Fast forward to 2011 in Paris-France and for the first time in my life, I saw a grown able-bodied man sleeping on the streets in near-zero temperatures. Not 30 minutes later, I met what looked like an entire family in the same situation, and begging. As this has happened more to me in different countries and cities, I have tried to ignore the pleas for help or alms with thoughts like …”this is unsustainable, how can my little alm help this person? Even if I could give them a €100, it wont be enough to get them on off the streets and keep them fed”. I am and always have been a believer in sustainable solutions and in Systems Thinking and I know full well how aid, even personal aid can be a bad i.e. have unintended and negative contrary consequences. But I am also be very empathic and can imagine myself in other people’s shoes, so those two tendencies are always conflicting.

About the middle of this year in the hot golden sunlight of the Arabian desert, I had some clarity about this – all the reasons (yes they are shallow and egocentric) we give for not helping now, for ignoring usually serve only to assuage our guilt, because deep down our spirits, speaking through our consciences long to reach out to another human being in need at that moment. Persisting in such a mentality only makes us meaner women and men, it kills the bonds that exist between us and that apparently unfortunate person, it kills that part of our spirit that we all share as human beings. And should we let that thinking persist all of the time, we’ll miss an opportunity to SERVE something greater than our own needs at that moment and thus remain at lower levels of self actualization.

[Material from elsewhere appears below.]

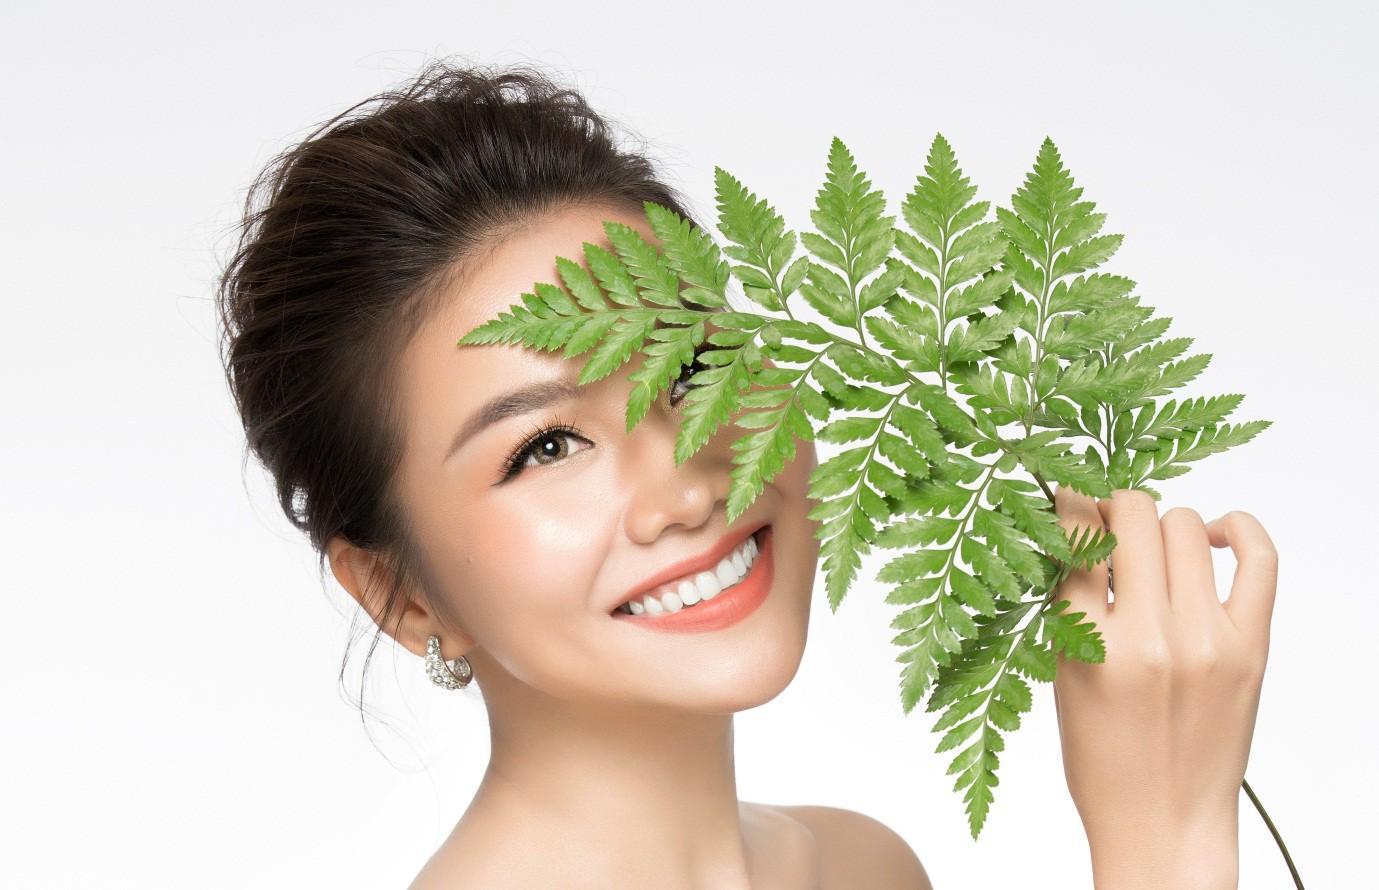 Loại viên uống chiết xuất từ dương xỉ giúp bảo vệ da khỏi ánh nắng mặt trời - Ảnh 1.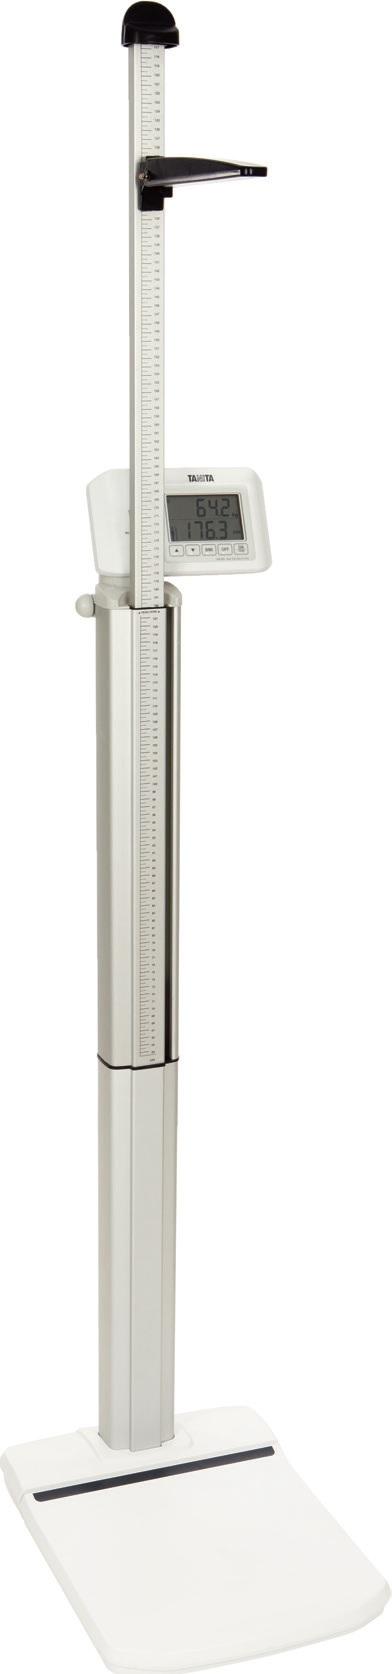 Lékaøská digitální váha s funkcí BMI a výškomìrem WB 380H

Here’s a different way to look at the situation.

  1. Despite what our ego might want us to believe, that person’s existence does not depend upon us. In the grand scheme of things, they were alive before we came around and they will be alive long after we have gone. There are rare exceptions when our interventions are matters of life and death. In those situations, our responses or actions are quite clear (I think, having never been in such a position myself).
  2. In that moment, fate is handing us a responsibility – just keep the wheel turning. Don’t worry who will turn it tomorrow (if we have the heart of a saint, we will find a way to help not just today but tomorrow too). Just recognize that the wheel is still turning today because someone turned it yesterday. So the only question is: “Will we make sure the wheel is still turning tomorrow?”
  3. This is also an opportunity, to rise above the petty needs of our egos. For those of us who are men/women of faith, this is our chance to be of service to the glory of God.

So unless we can outright sense that someone wants to take advantage, if we can, we must GIVE. Give, with gratitude in our heart and with a smile on our face. And as we give, we must be sure to look them in the eye, for that is the message that speaks far more than anything else we are doing, and says “Inspite of your circumstances, I respect you as another human being”. If we pull this off well even once in a while, we at that moment are being “Instruments of Peace” and the full power of God and all the saints stands behind us.